As for your comment about heart docs not being supportive, I am in a slightly different position. I rarely talk to my PCP, but I am VERY close to my card (well, both, since I have two, but more so with one of them). She is like a friend do me. I almost called her up to tell her about my experience at the DMV, because I knew she would be on my side. She's absolutely great. But, she's also a pediatric cardiologist, so she loves it when she gets one of her "big kids," as she calls us, in the office to talk to. My adult cards have been less personable, for the most part. But recently, my adult card found out I am a theatre teacher, and now simply loves me (I guess) because her mother is an actress, and she was into theatre in undergrad school.
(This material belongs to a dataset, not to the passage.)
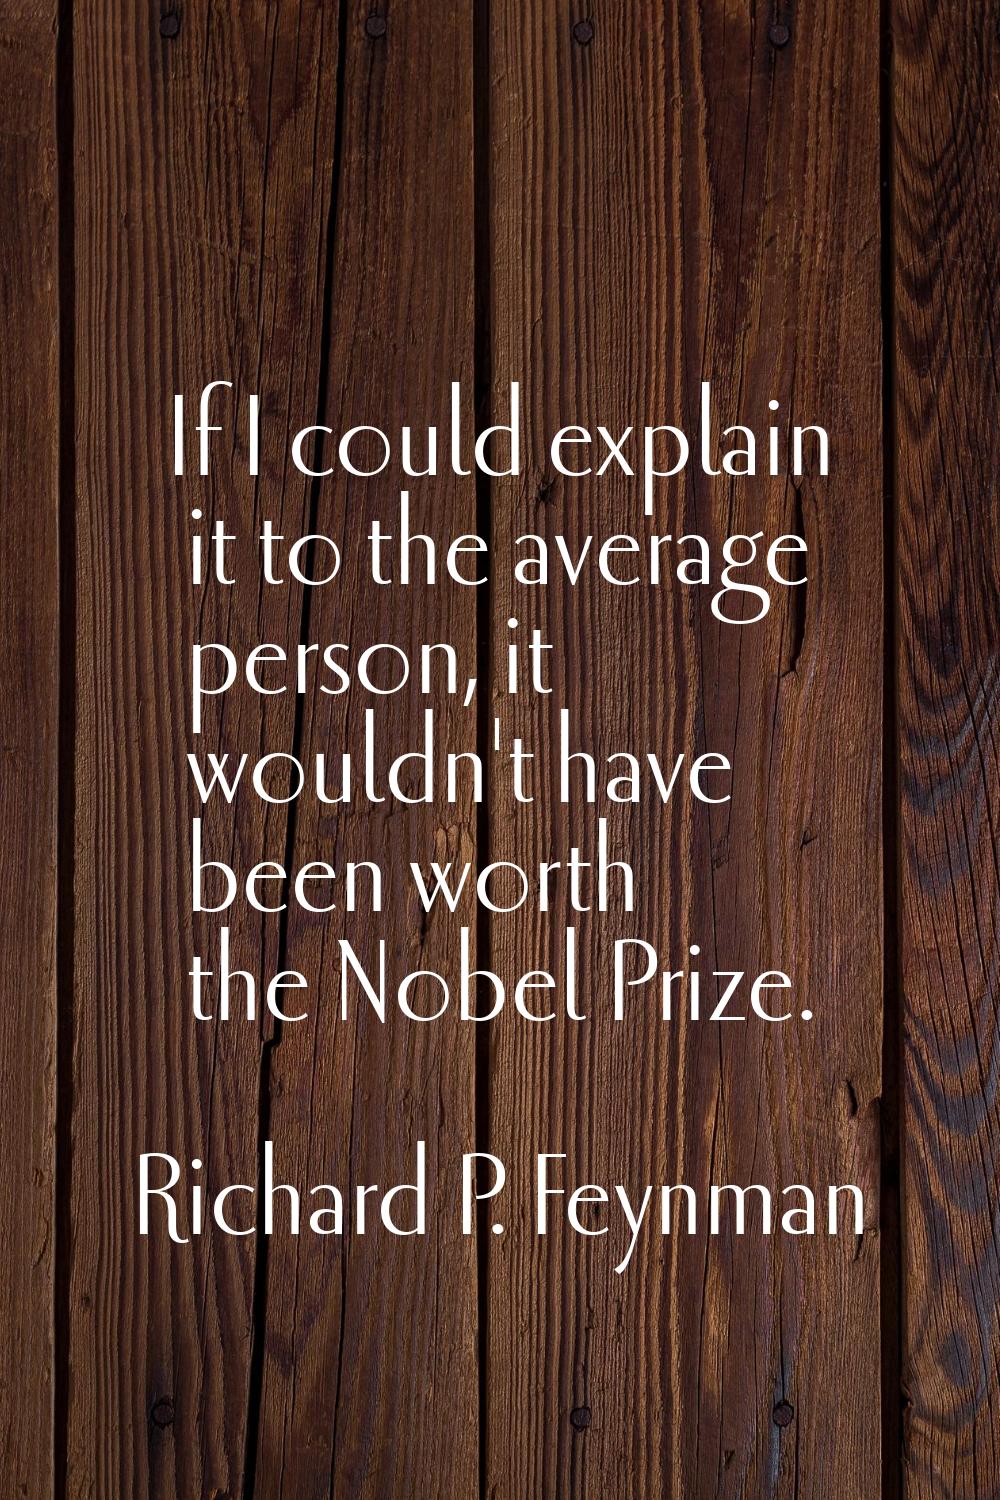 If I could explain it to the average person, it wouldn't have been worth the Nobel Prize.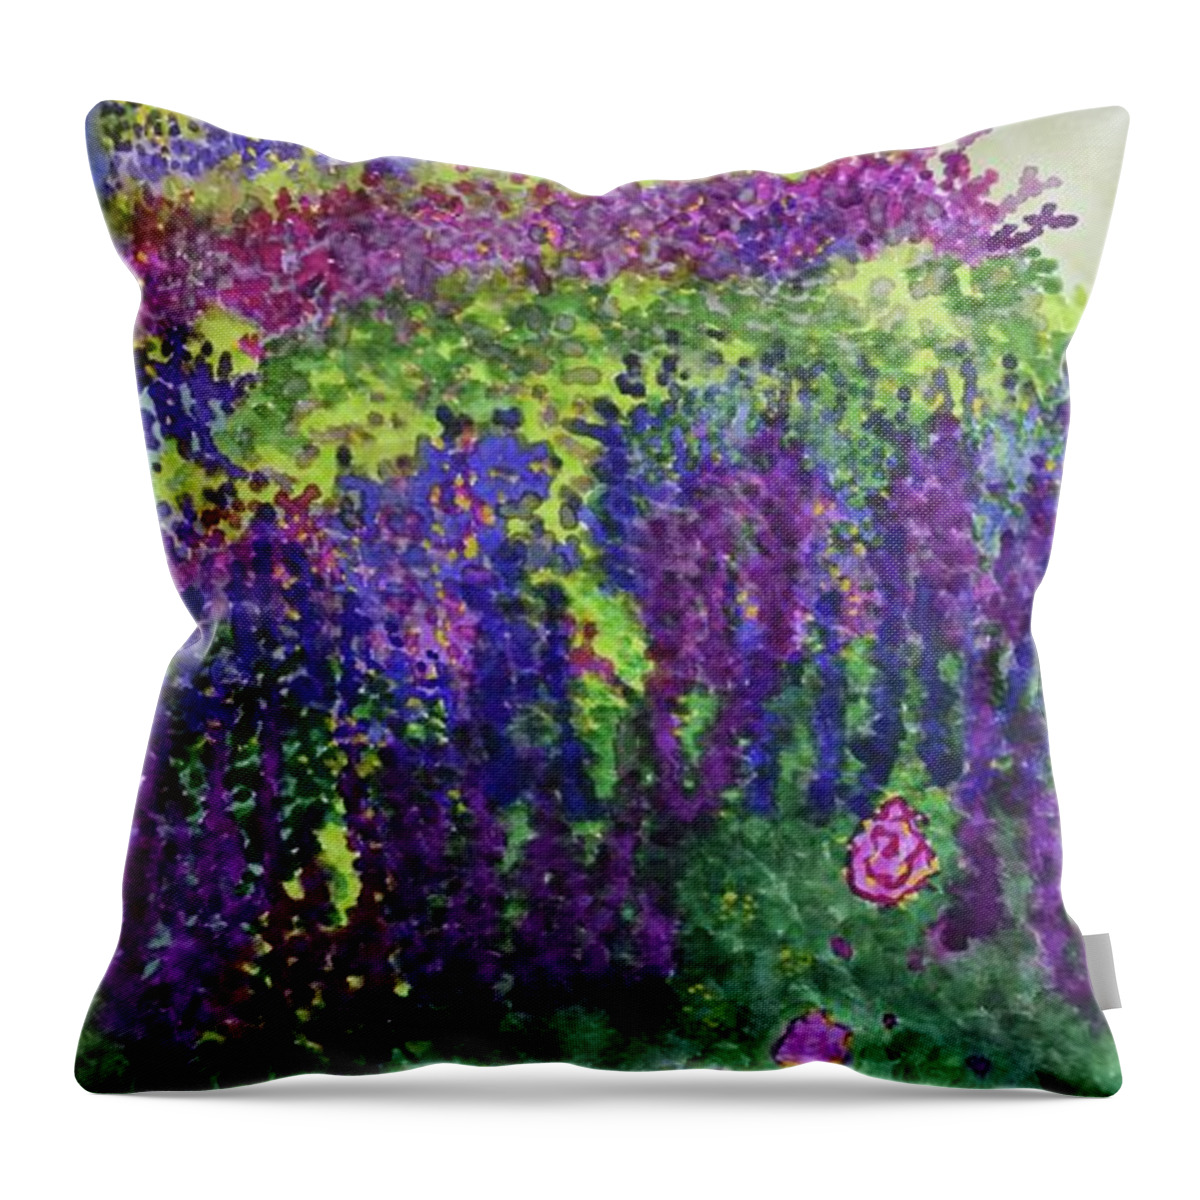  Throw Pillow featuring the painting Another Garden Dream by Barrie Stark

She's also lightened up quite a bit since adopting her baby girl from China. Only problem with that is, she is now only in the office on Tuesday and Wednesday mornings, so I can no longer just skip out of work early to get to an appt. I have to take a whole day off.

Sorry to ramble so. I'm just SO glad it is the weekend (finally!).
 
"County Clerk Mentality"

"County Clerk Mentality"

Hiya Niki!

Years ago I went through a similar event, although it was with a county clerk, not the DMV. I won't go through the gory details, but I learned something really interesting about a certain personality type that seems to be attracted to civil service. I refer to it as "county clerk mentality."

There are certain authoritarian types who just LOVE to interpret laws, rules and procedures as they see fit, without benefit of legal counsel. They simply do it because they can, and the victim is usually in a corner and they know it. The excuse that you were given that "Since 9/11...." is pure B.S., and simply a reason to justify authoritarian beaureaucratic behavior.

You are right to be angry and indignant about it! I have learned that, when faced with such behavior, it often works to simply be very polite but NOT comply. Instead, I've asked for (while writing it all down) the person's name, then asked to see their supervisor NOW. And I don't move...their line is blocked until the supervisor shows up. Big smile and politeness the whole time, but the message hits them pretty quick: They are getting called on their nonsense, and it is about to mess up their whole day. Most often, they back off and give you what you want. The other times they just arrest you :D (not speaking from personal experience on that last part!)

Let me just throw in that after reading your posts over time, you have been a great role model to many in maintaining a cheerful optimistic attitude in spite of a lot of medical adversity in your life. As Walter said, don't let the turkeys get you down!